What is being asked: Images are not part of the copy; transcribe all the data exactly.

Provided data:
────────────────

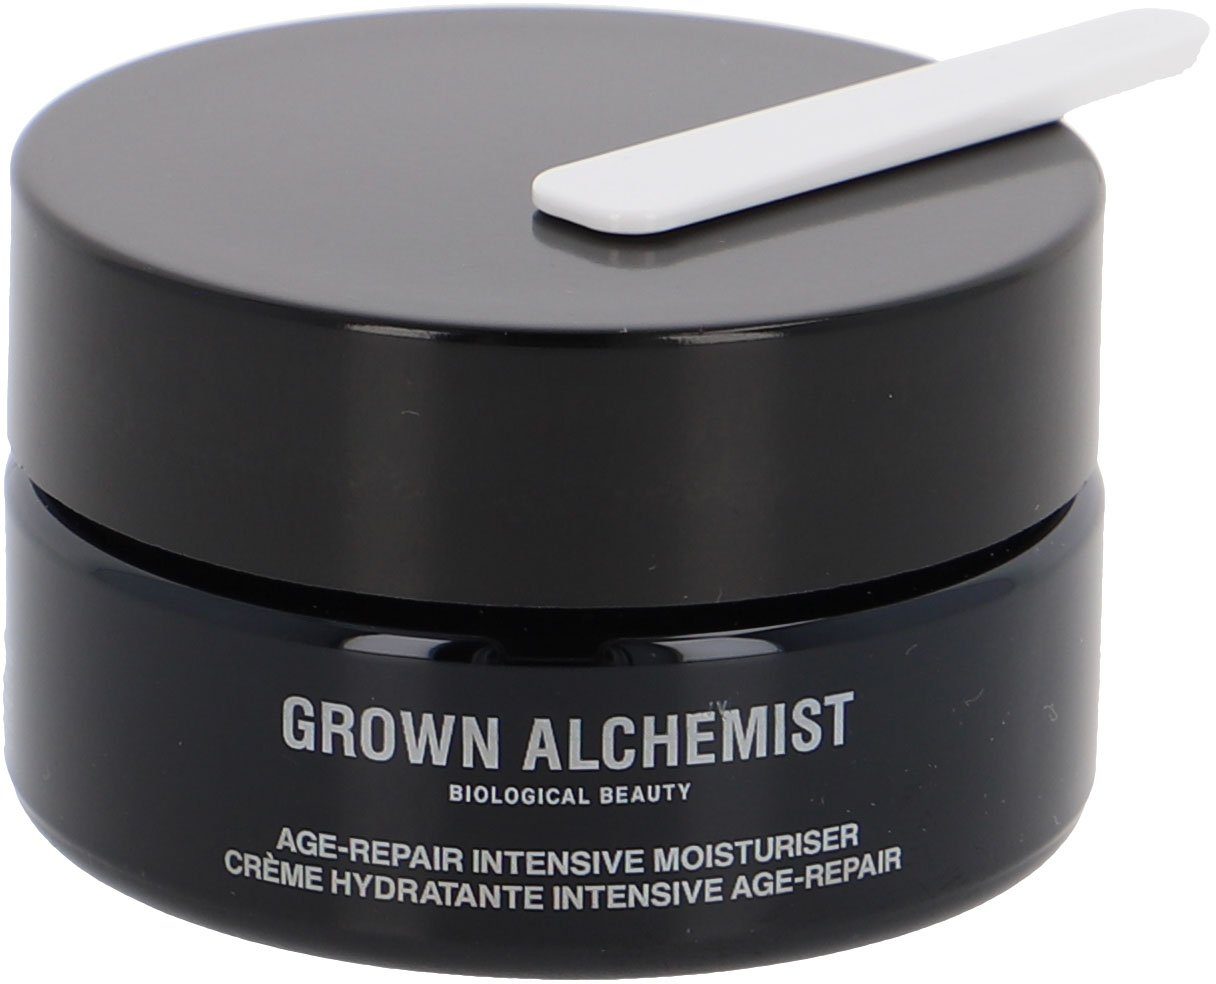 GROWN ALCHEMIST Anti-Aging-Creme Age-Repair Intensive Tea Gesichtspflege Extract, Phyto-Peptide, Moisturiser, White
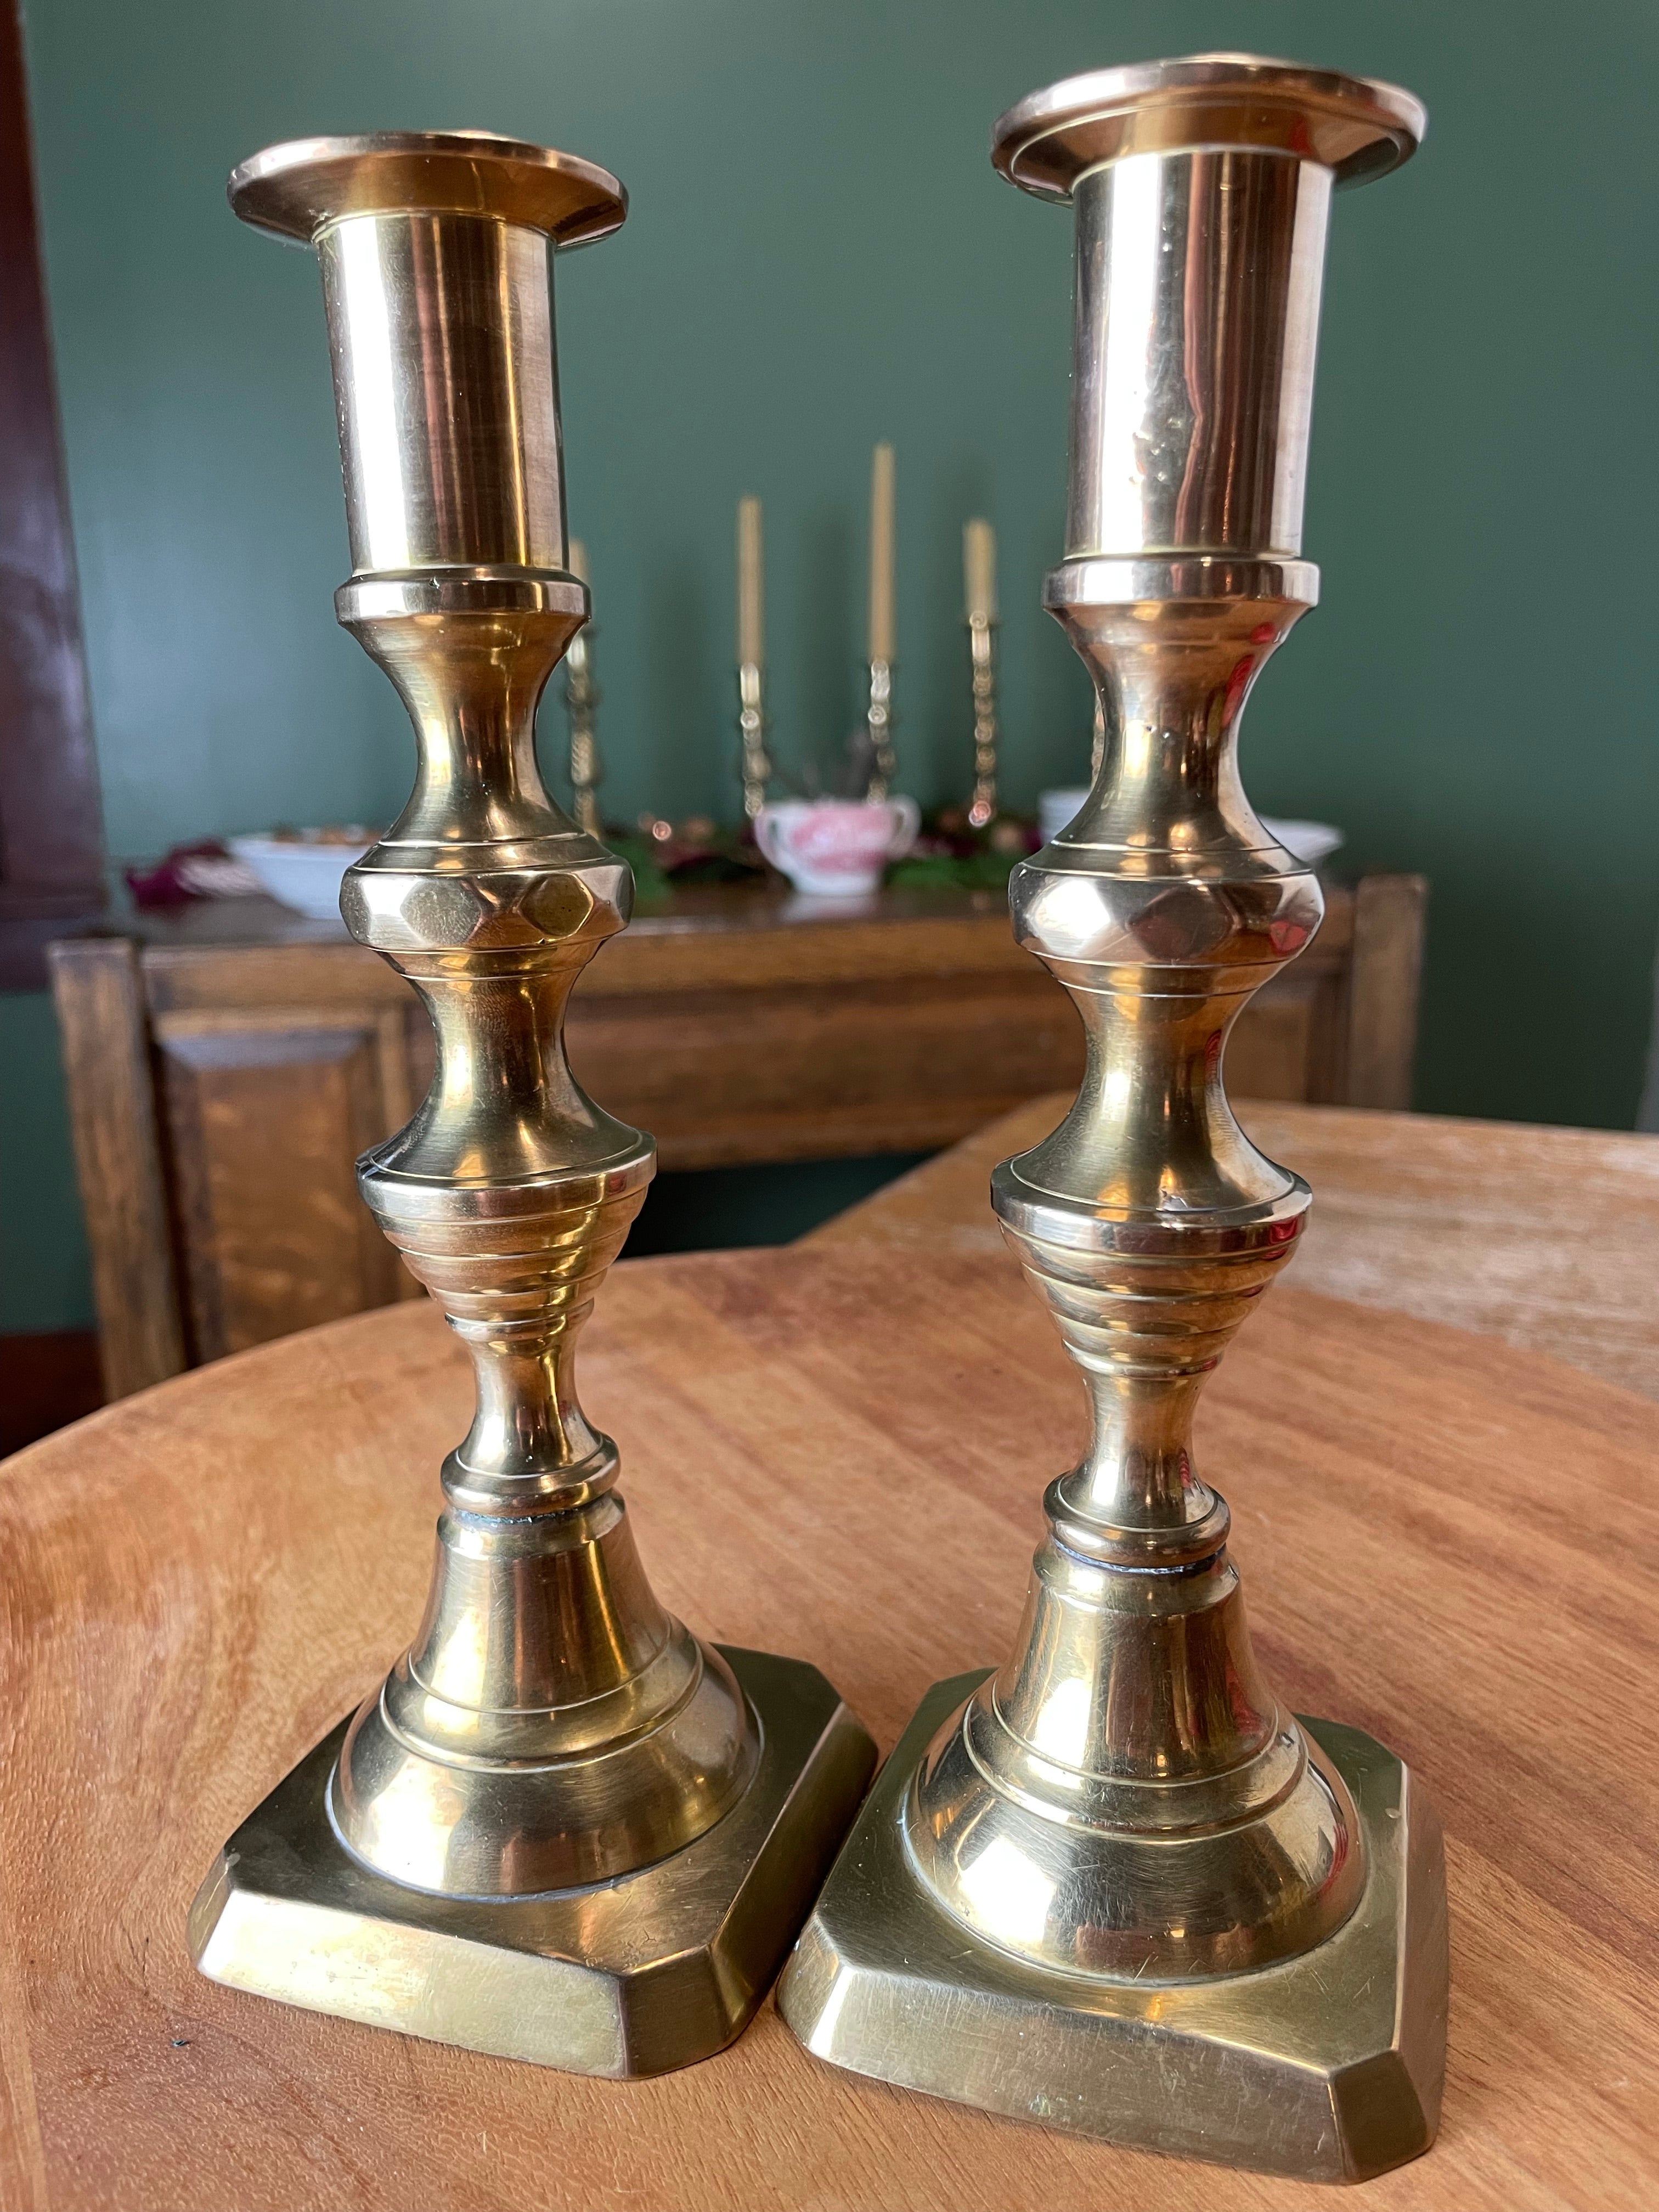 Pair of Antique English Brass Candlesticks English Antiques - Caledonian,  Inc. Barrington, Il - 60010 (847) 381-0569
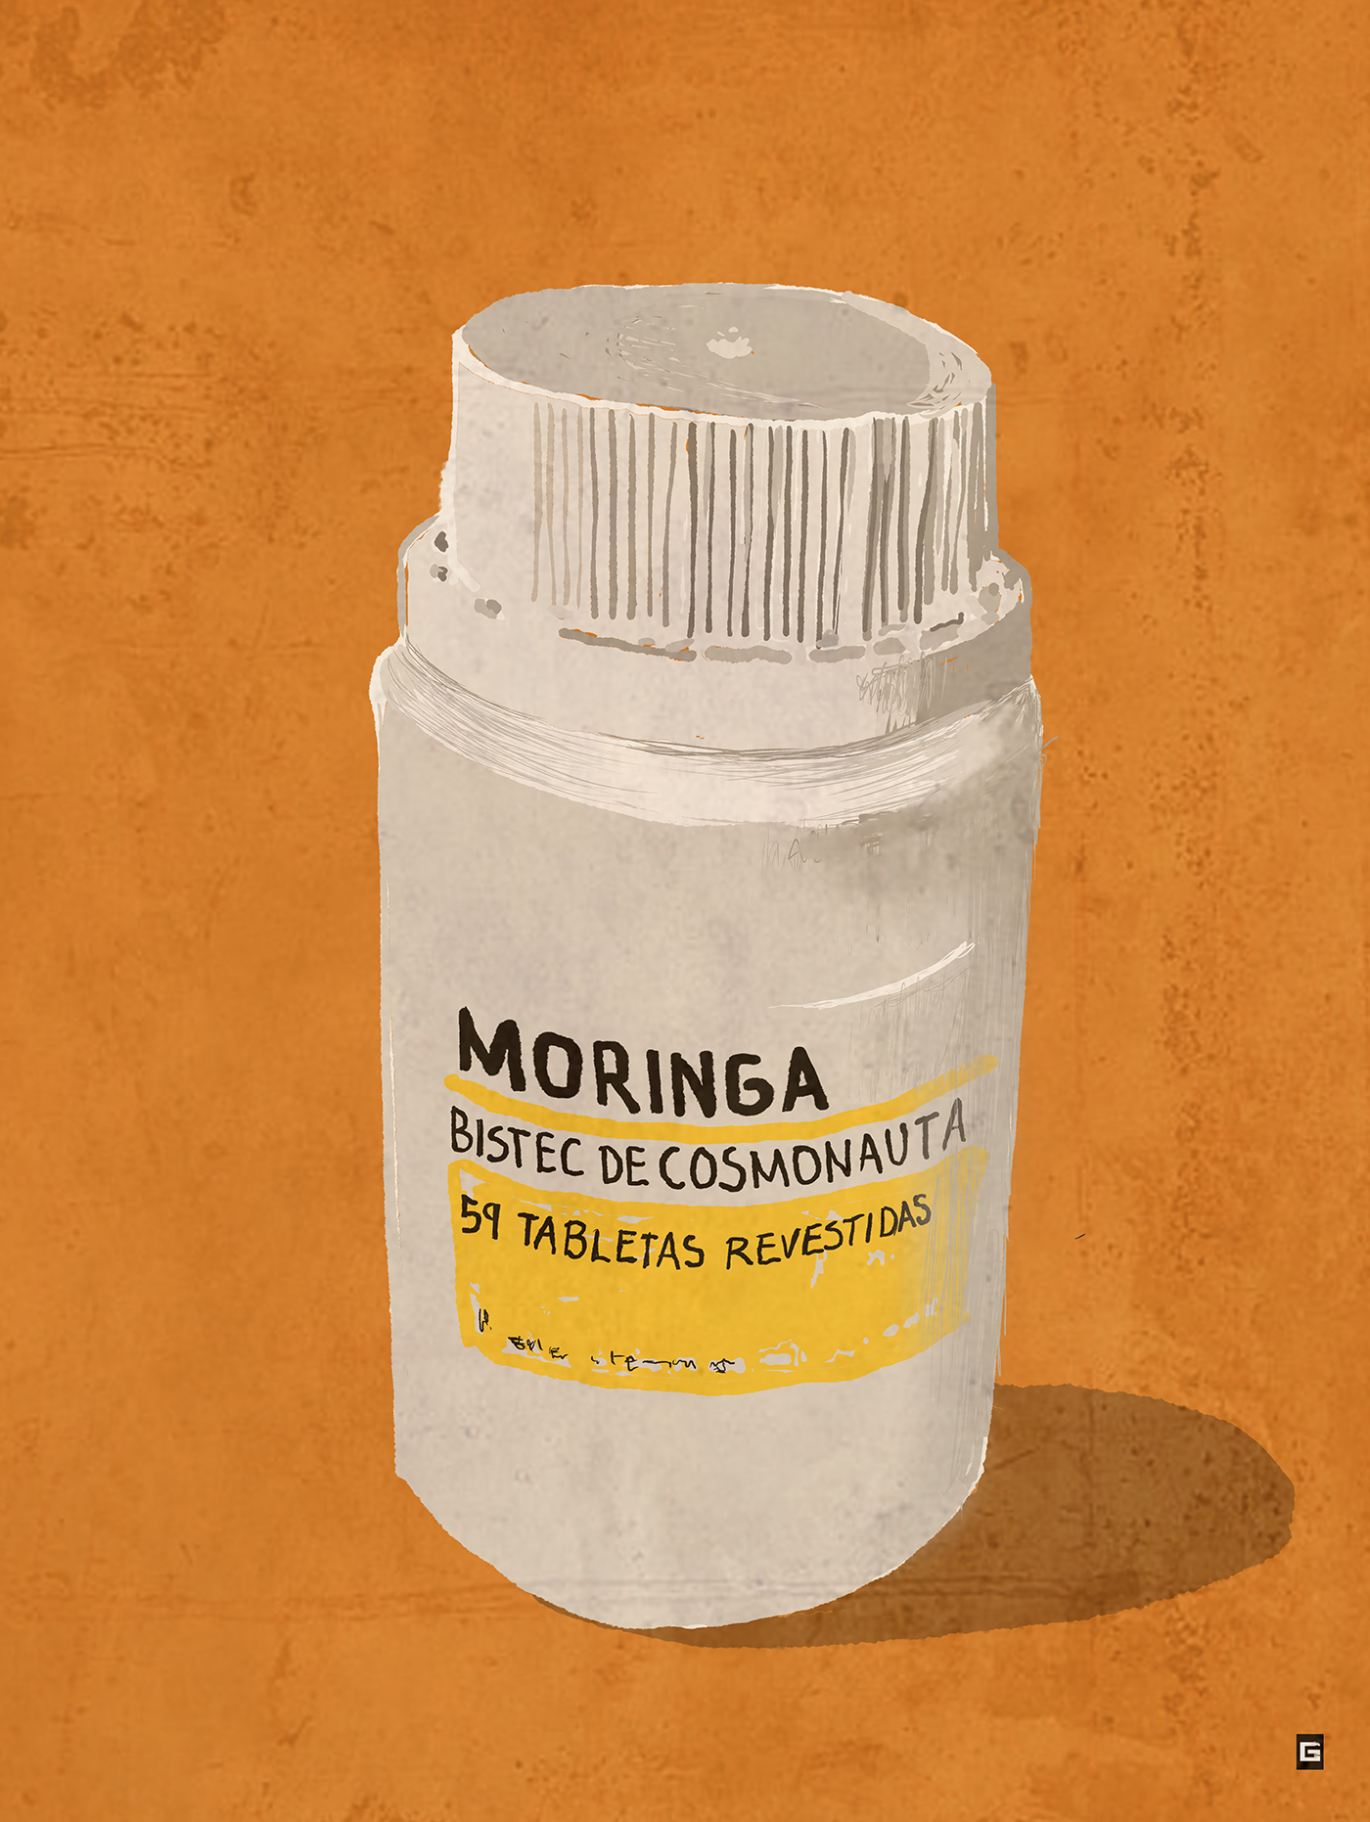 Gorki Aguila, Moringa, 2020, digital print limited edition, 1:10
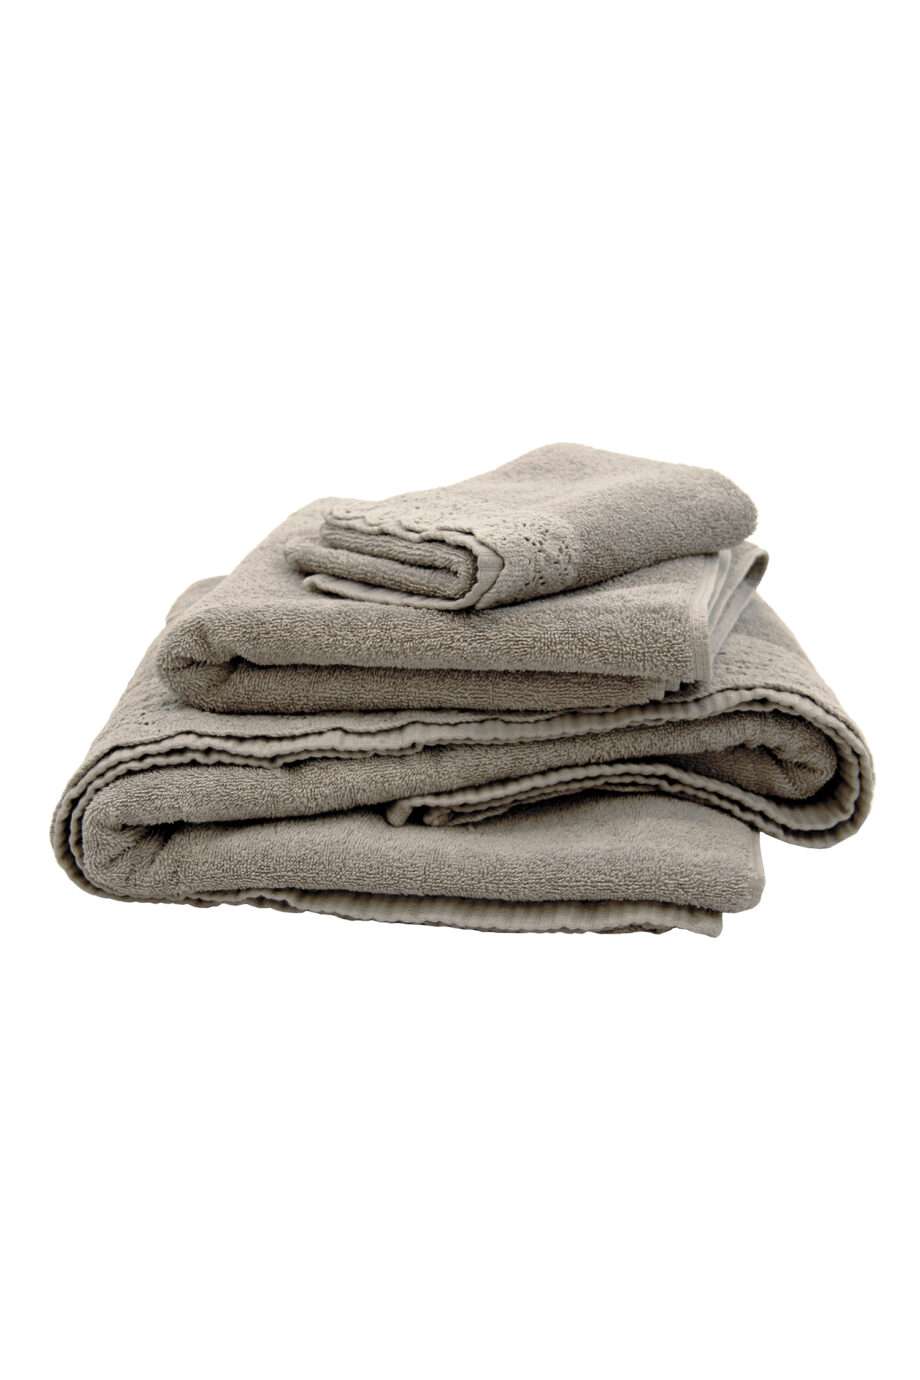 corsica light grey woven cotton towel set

────────────────

Task solution:
 GROWN ALCHEMIST Anti-Aging-Creme Age-Repair Intensive Tea Gesichtspflege Extract, Phyto-Peptide, Moisturiser, White
 Pair of Antique English Brass Candlesticks English Antiques - Caledonian,  Inc. Barrington, Il - 60010 (847) 381-0569
 Gorki Aguila, Moringa, 2020, digital print limited edition, 1:10
 corsica light grey woven cotton towel set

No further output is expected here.